Although the sources of phosphorus range from leaky septic tanks to storm sewers to ordinary rainfall, the biggest contributor is farming, the report indicates — and the biggest farm source is the fields along the Maumee River watershed in Ohio and Indiana.

Both the United States and Canada have set targets for reducing Erie’s phosphorus load by 2018, but the commission’s report states that those targets are too low. To return the lake to the mostly algae-free state it enjoyed in the mid-1990s, it states, the Maumee’s phosphorus runoff must be cut by 39 percent.

Both governments and private organizations conduct programs that encourage farmers to voluntarily limit fertilizer runoff, but regulatory limits are mostly nonexistent. The commission’s report urges a mix of voluntary and legal programs to achieve large reductions by 2022, with a focus on dissolved reactive phosphorus, the sort used in fertilizers.

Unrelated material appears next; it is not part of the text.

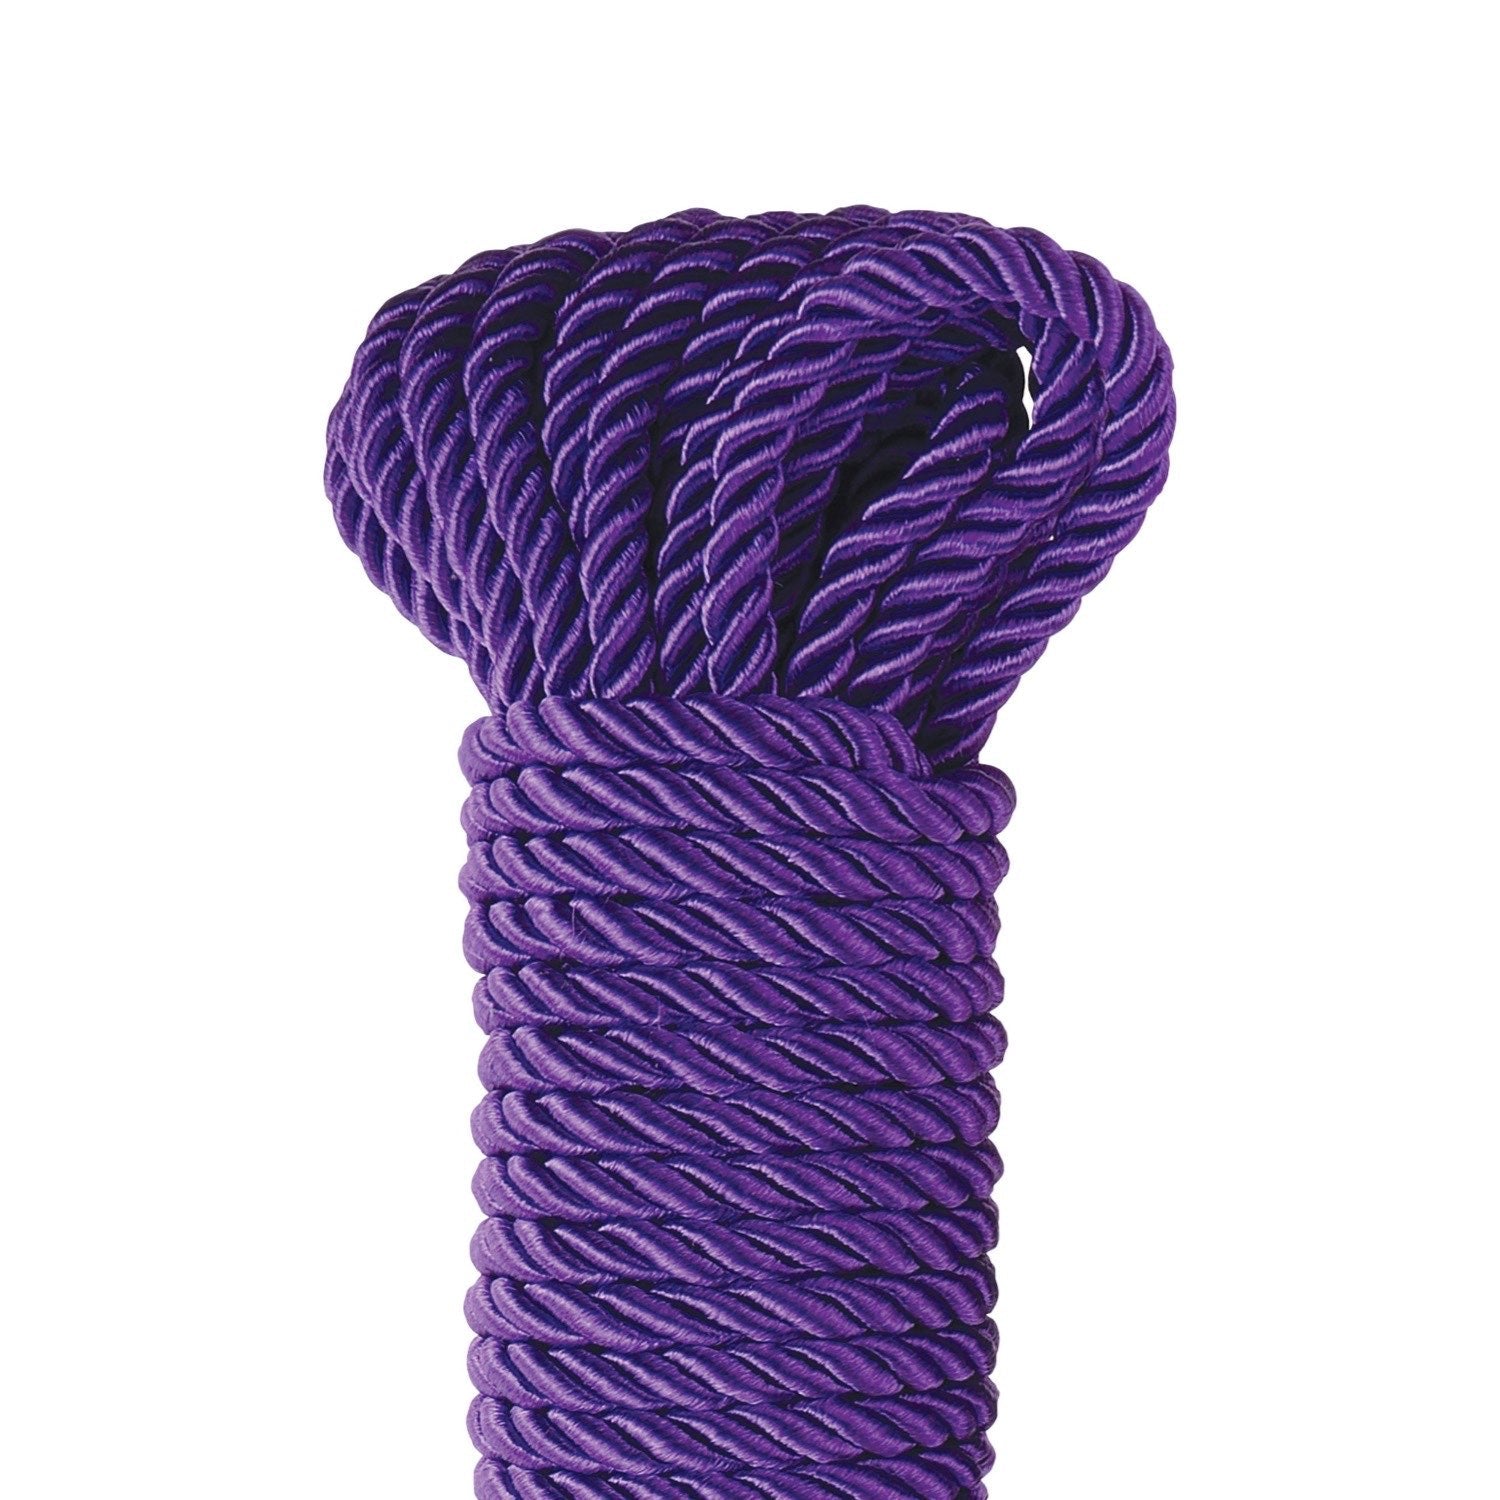 Fetish Fantasy Series Deluxe Silky Rope - Purple Bondage Rope - 9.75 m Length by Pipedream

The report also states that farmers in lakeside states and provinces should prohibit spreading fertilizer on snowy or frozen ground, where it is most likely to be carried away by melting or rains, and should limit applications in the fall.

For homeowners, the report recommends that Ontario, Ohio and Pennsylvania ban the sale of phosphorus-based lawn fertilizers except during the first growing season of new lawns, or when soil tests show that the phosphorus content is too low. It also says that Michigan and Ontario should require inspections of septic tanks to ensure they do not leak.